Work task:
Filter the records for "stock" and keep each line that has it.

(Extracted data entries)
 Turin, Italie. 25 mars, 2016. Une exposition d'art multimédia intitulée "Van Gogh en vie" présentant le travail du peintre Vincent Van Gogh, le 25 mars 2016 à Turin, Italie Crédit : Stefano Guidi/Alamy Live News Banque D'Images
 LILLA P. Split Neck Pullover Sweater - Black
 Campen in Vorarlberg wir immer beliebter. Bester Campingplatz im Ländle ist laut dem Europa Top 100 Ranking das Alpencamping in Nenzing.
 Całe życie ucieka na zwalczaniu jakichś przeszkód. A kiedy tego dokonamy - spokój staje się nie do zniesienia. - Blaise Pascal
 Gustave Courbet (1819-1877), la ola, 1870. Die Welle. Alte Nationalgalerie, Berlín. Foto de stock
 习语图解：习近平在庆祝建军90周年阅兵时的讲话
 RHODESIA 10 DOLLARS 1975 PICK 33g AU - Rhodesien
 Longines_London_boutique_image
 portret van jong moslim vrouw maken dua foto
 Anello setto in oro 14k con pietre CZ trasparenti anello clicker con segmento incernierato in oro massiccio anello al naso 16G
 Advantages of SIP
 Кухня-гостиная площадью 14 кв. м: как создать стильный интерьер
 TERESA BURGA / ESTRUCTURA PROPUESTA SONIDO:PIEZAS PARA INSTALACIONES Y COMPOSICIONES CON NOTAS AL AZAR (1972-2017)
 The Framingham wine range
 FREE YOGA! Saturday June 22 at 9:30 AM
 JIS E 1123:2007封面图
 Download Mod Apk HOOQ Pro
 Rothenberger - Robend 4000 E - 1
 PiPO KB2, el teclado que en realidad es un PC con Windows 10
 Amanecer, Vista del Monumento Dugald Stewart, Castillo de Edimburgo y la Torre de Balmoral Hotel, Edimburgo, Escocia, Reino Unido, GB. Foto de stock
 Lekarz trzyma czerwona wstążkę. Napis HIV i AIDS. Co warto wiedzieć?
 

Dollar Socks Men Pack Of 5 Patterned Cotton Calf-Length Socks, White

Result below:
 Gustave Courbet (1819-1877), la ola, 1870. Die Welle. Alte Nationalgalerie, Berlín. Foto de stock
 Amanecer, Vista del Monumento Dugald Stewart, Castillo de Edimburgo y la Torre de Balmoral Hotel, Edimburgo, Escocia, Reino Unido, GB. Foto de stock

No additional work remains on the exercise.